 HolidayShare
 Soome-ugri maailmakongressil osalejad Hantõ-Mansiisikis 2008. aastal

...

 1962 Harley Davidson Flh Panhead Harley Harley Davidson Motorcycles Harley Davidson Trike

---

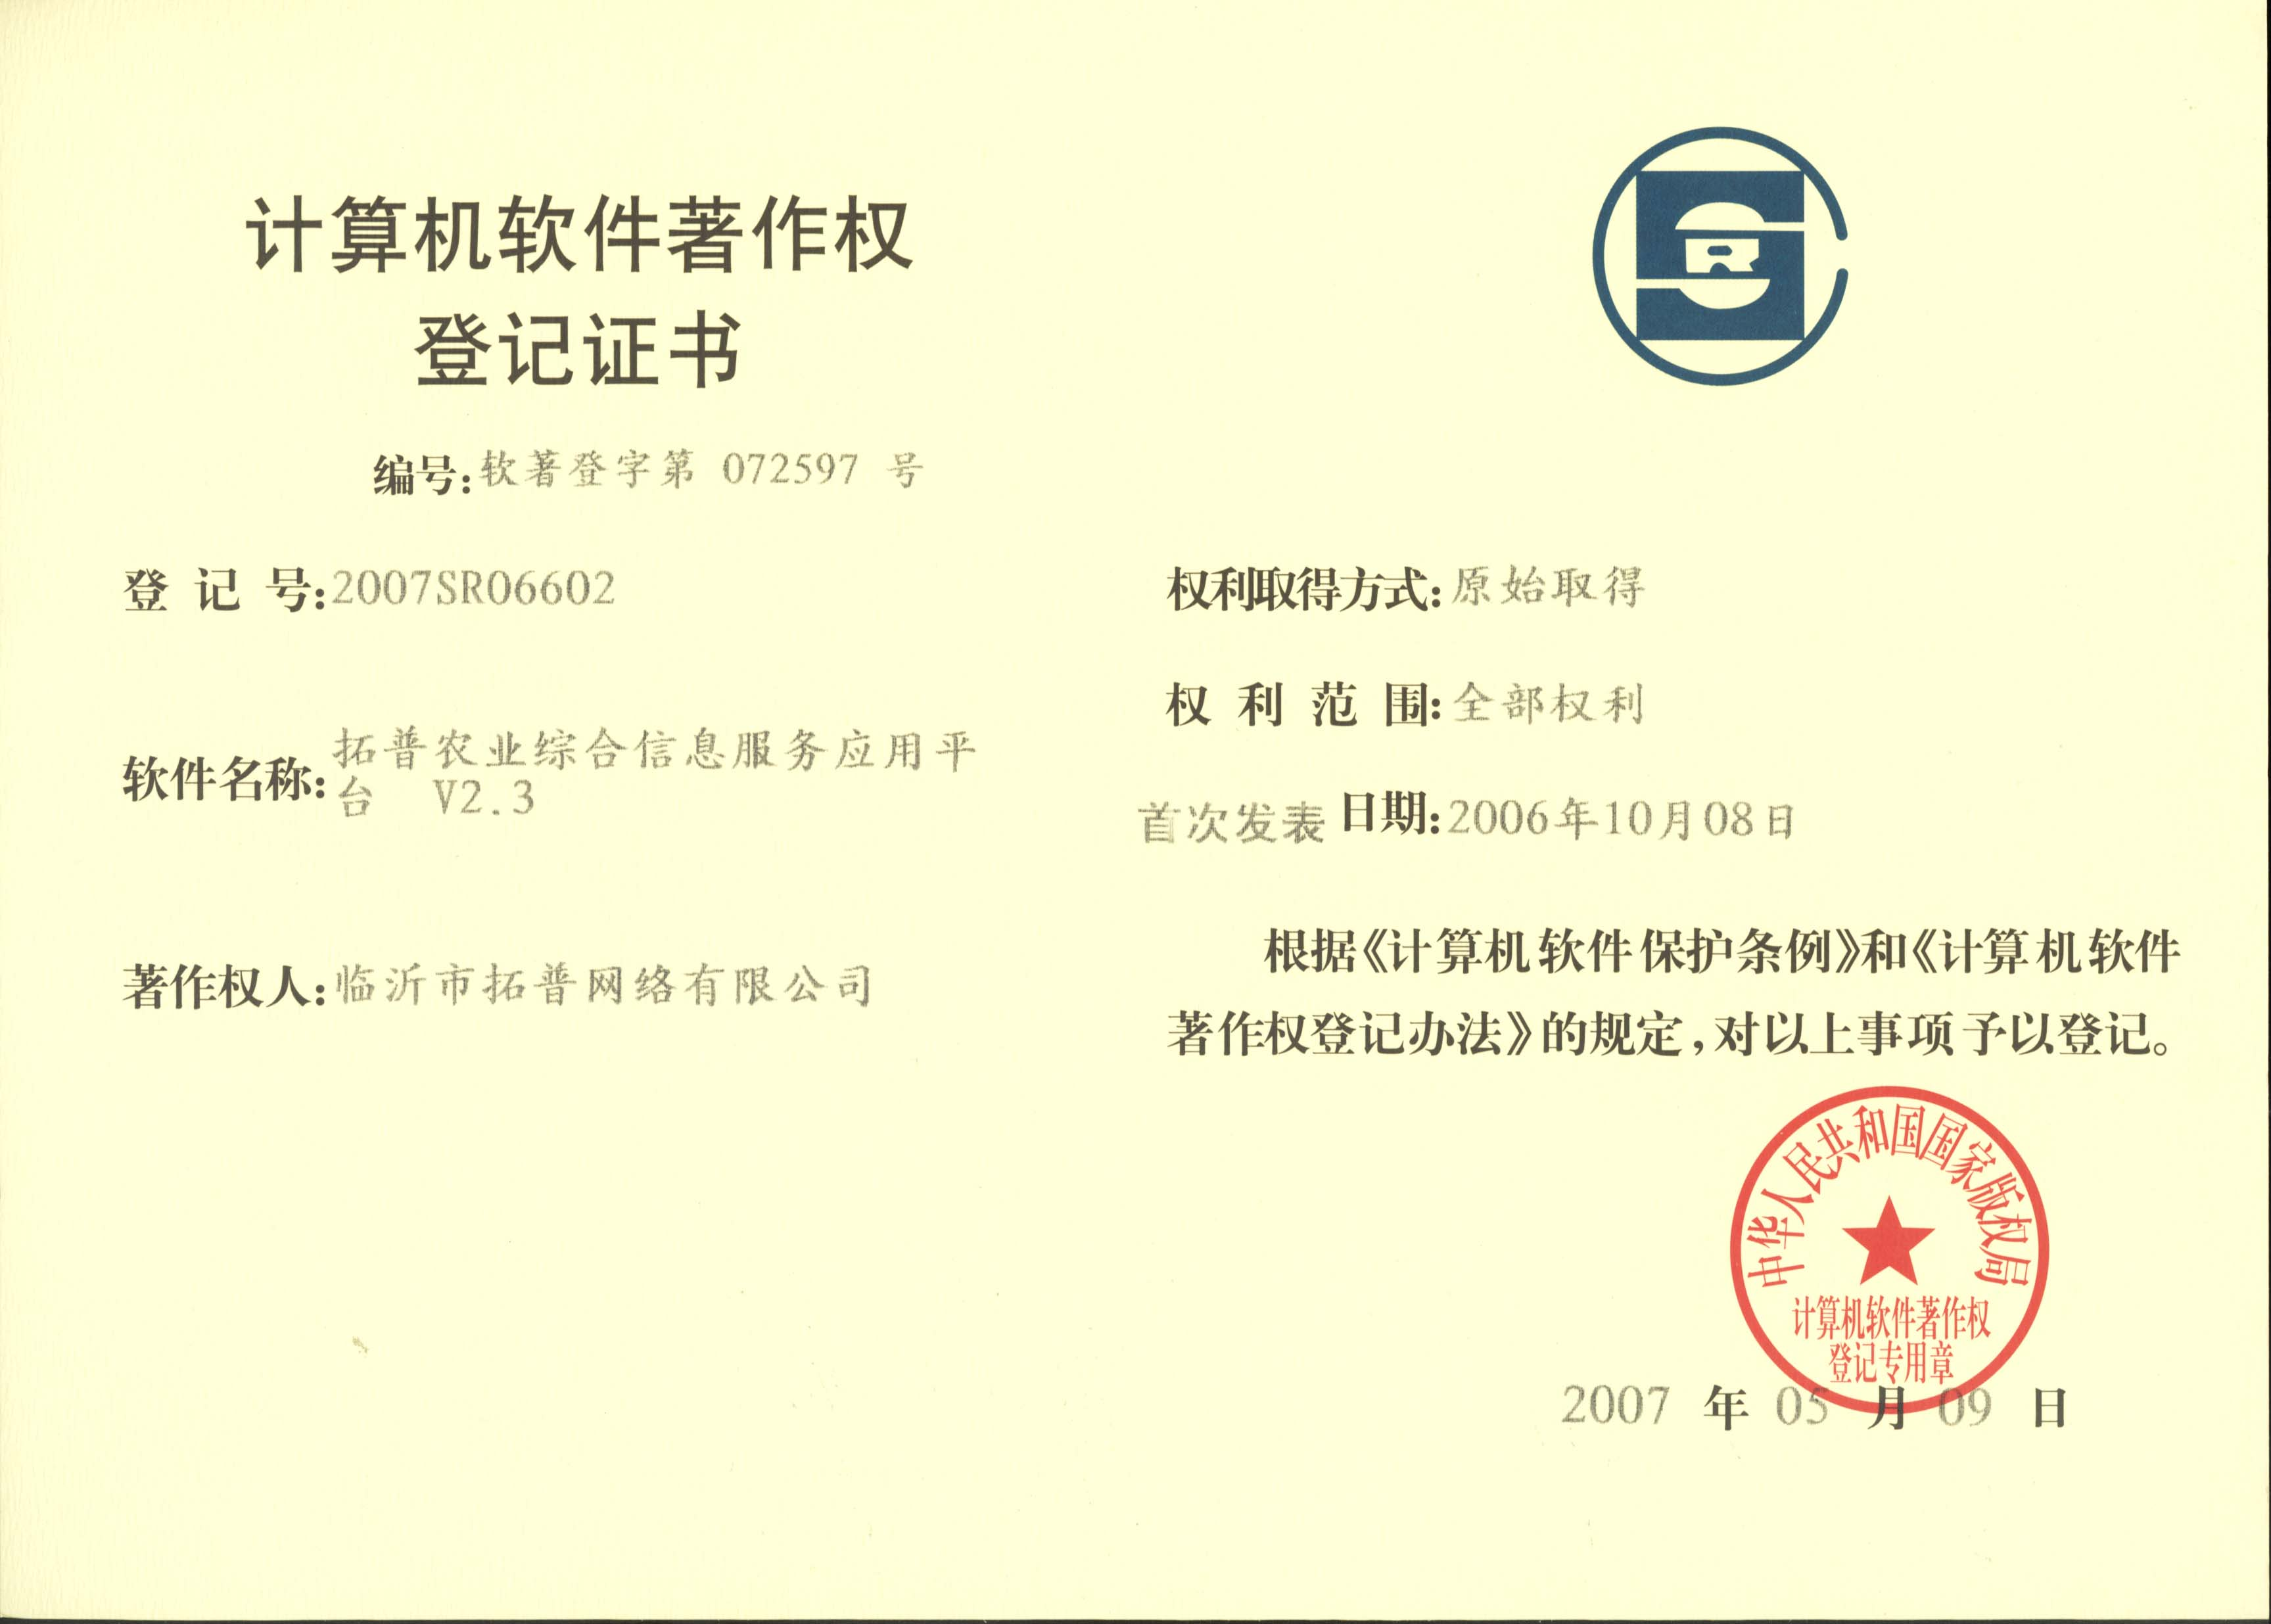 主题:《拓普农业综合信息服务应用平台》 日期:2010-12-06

■ WHAT NEEDS TO BE DONE
Once you find the line with "HolidayShare" in the entries above, output it and each line after it up to and including the line with "Soome-ugri maailmakongressil osalejad", and nothing else.

■ TASK OUTPUT
 HolidayShare
 Soome-ugri maailmakongressil osalejad Hantõ-Mansiisikis 2008. aastal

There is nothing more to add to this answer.